Rising mortgage rates and a softening housing market can unsurprisingly have a negative impact on Home Depot's (HD -1.29%) business. In this kind of macroeconomic environment, consumers are less inclined to take on costly renovation projects, something they can delay until better days are on the horizon. And a situation like this will also result in investors souring on the company's stock. 

With shares down substantially this year, is it time to buy Home Depot stock? Let's take a closer look. 

Strong momentum 

Despite mortgage rates climbing to a level they haven't been in 15 years, coupled with home prices in the U.S. cooling over the past few months, Home Depot's business continues showing its resilience. In the fiscal 2022 second quarter (ended July 31), the company's revenue of $43.8 billion (up 6.5% year over year) and diluted earnings per share of $5.05 (up 11.5%) both exceeded Wall Street estimates.  

Throughout the pandemic, with people spending more time at home, undertaking renovation projects was a new focus. And Home Depot's sales surged, jumping 19.9% in fiscal 2020 and 14.4% in fiscal 2021. Following this double-digit growth, the expectation was that with the economy pumping the brakes, Home Depot's business would as well. 

However, management mentioned no meaningful slowdown in demand, with both DIY and Pro customers continuing to post growth and order backlogs remaining healthy. In fact, sales gains from professionals outpaced the DIY segment, demonstrating consumers' willingness to tackle even bigger and more complex projects. Same-store sales increased 5.8% year over year, and sales per retail square foot rose 5.7%. Both were positively affected by the strength in the Pro customer. 

"Despite near term uncertainties, we believe that the long-term underpinnings of demand for home improvement remain strong and that we are well-positioned to leverage our distinct competitive advantages to capitalize on compelling growth opportunities in our space," CEO Ted Decker said in the Q2 earnings call. 

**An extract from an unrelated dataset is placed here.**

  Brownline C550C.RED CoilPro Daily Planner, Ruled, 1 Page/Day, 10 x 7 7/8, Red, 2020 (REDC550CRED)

It is no doubt a difficult operating environment, with inflation squeezing margins at many companies while pinching consumer budgets. Given this economic backdrop, it's even more impressive that Home Depot was able to post an operating margin of 16.5% in the latest quarter, up from 16.1% in the prior-year period. Rival Lowe's fares worse when it comes to this profitability metric, with an operating margin of 15.4% in its most recent quarter. 

Current valuation 

With Home Depot shares down 34% in 2022, it's clear that pessimism surrounding the stock is elevated thanks to weakness in both the stock market and the housing market in the U.S. As a result, shares are currently trading hands at a price-to-earnings (P/E) ratio of just 17, cheaper than the S&P 500's P/E of 18. Furthermore, that figure is well below Home Depot's trailing-10-year P/E multiple of 23, making for an incredibly attractive entry point for investors to scoop up the stock. 

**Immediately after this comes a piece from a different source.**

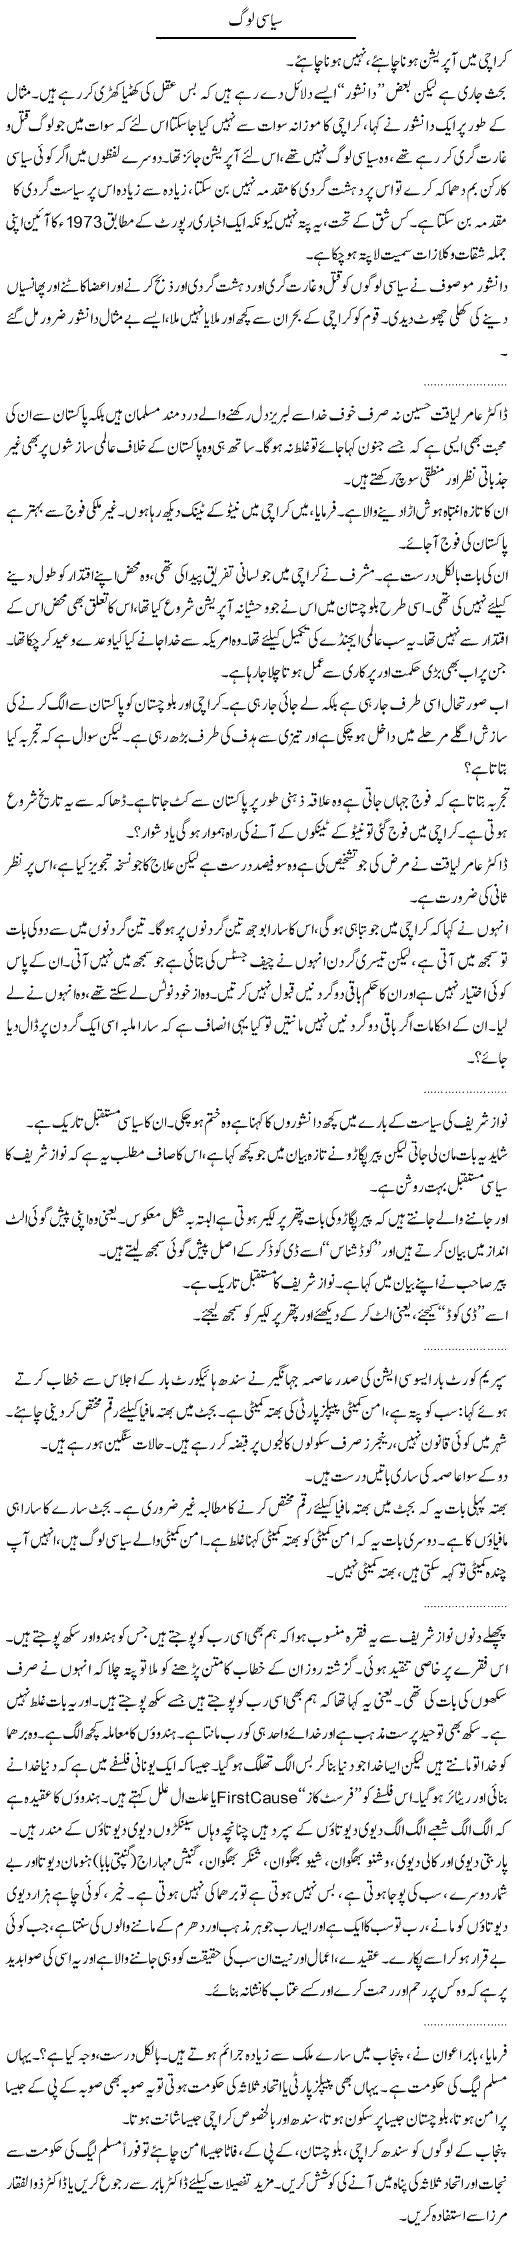 Karachi and Police Express Column Javed Chaudhry 26 August 2011

Nonetheless, the Federal Reserve's aggressive hiking of interest rates has some experts predicting a recession in the near term. This means that if your investment time horizon is a couple years, then you might want to think long and hard before adding Home Depot to your portfolio. That's because an economic downturn could have a major negative impact on the housing market, and in turn, this will hurt the company's business prospects because people will hold off on renovation projects. 

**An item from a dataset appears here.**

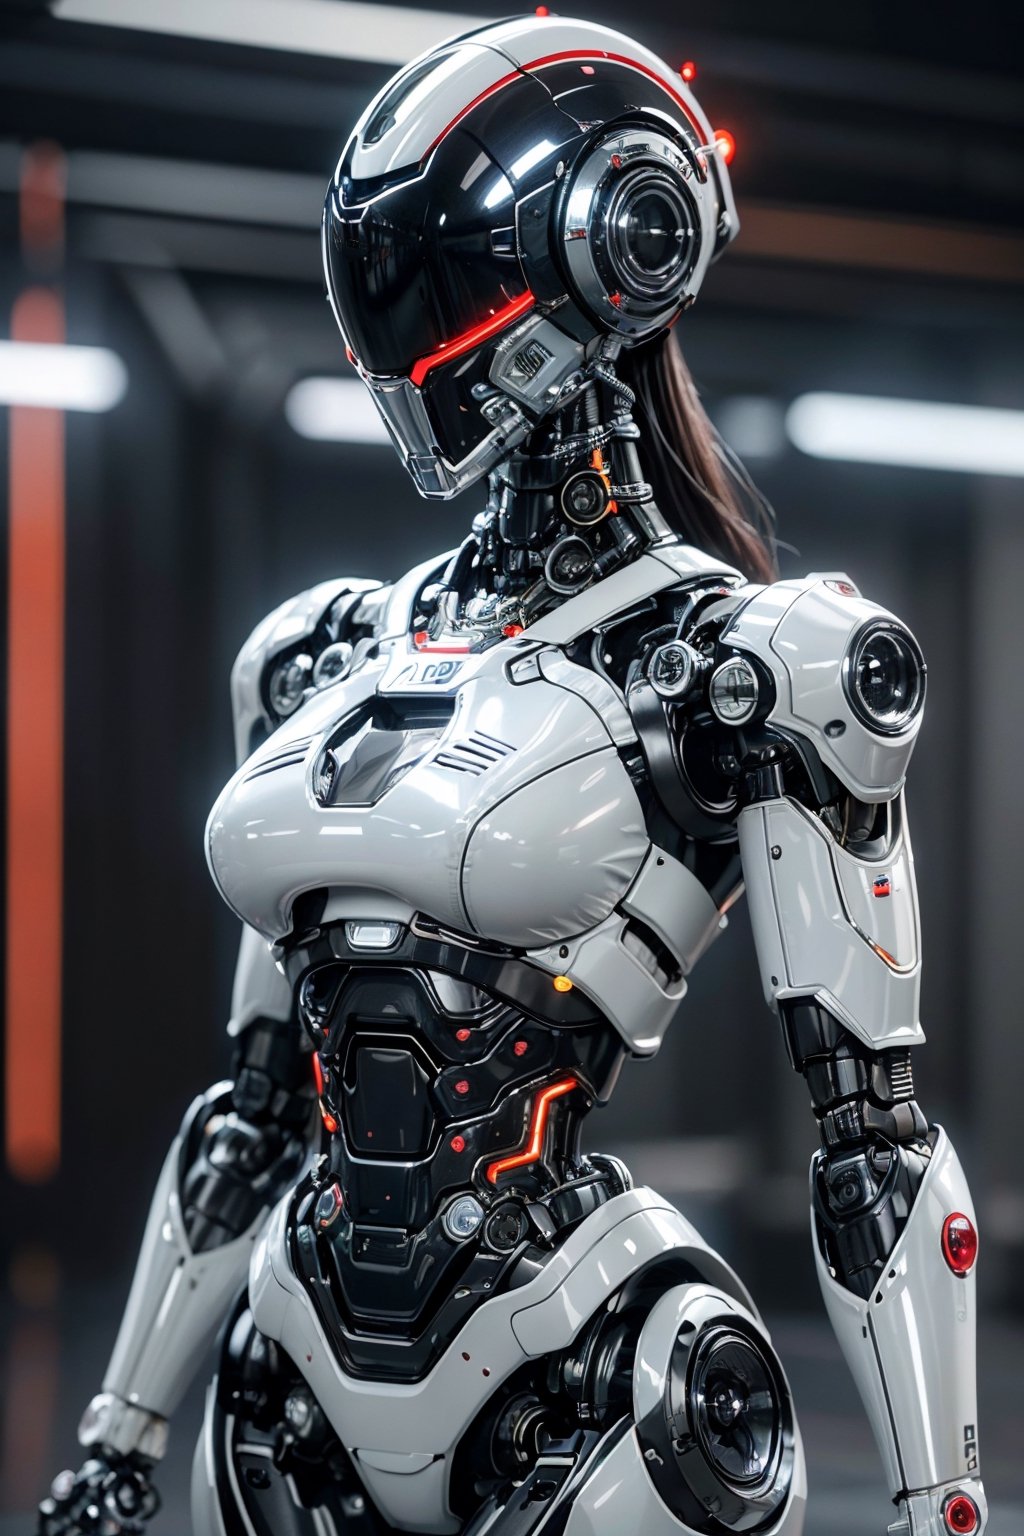 ((high resolution)), ((8K)), ((incredibly absurdres)), break. (super detailed dark metallic skin), (an extremely delicate and beautiful:1.3) ,break, ((1robot:1.5)), ((curvy body)), (large breasts), (beautiful hand), ((black metalic body:1.3)) , ((cyber helmet with full-face mask:1.4)) ,break. ((Long hair:1.3)) , (red glowing lines on one's black body:1.2), break. ((intricate internal structure)), ((black red parts:1.5)), break. ((robotic face:1.2)), red eyes,  (robotic arms), (robotic legs), (robotic hands), ((robotic joint:1.2)), (Cinematic angle), (ultra fine quality), (masterpiece), (best quality), (incredibly absurdres), (highly detailed), highres, high detail eyes, high detail background, sharp focus, (photon mapping, radiosity, physically-based rendering, automatic white balance), masterpiece, best quality, ((black Mecha body)), furure_urban, incredibly absurdres,science fiction

On the other hand, for those who truly adopt a long-term mindset when it comes to investing and can look out over the next five to 10 years, buying Home Depot stock looks like a no-brainer decision right now. This is an outstanding business that has delivered sales and earnings growth, as well as fantastic stock returns, over its history. Whatever headwinds it is currently facing, I have no doubt that management will be able to successfully navigate them.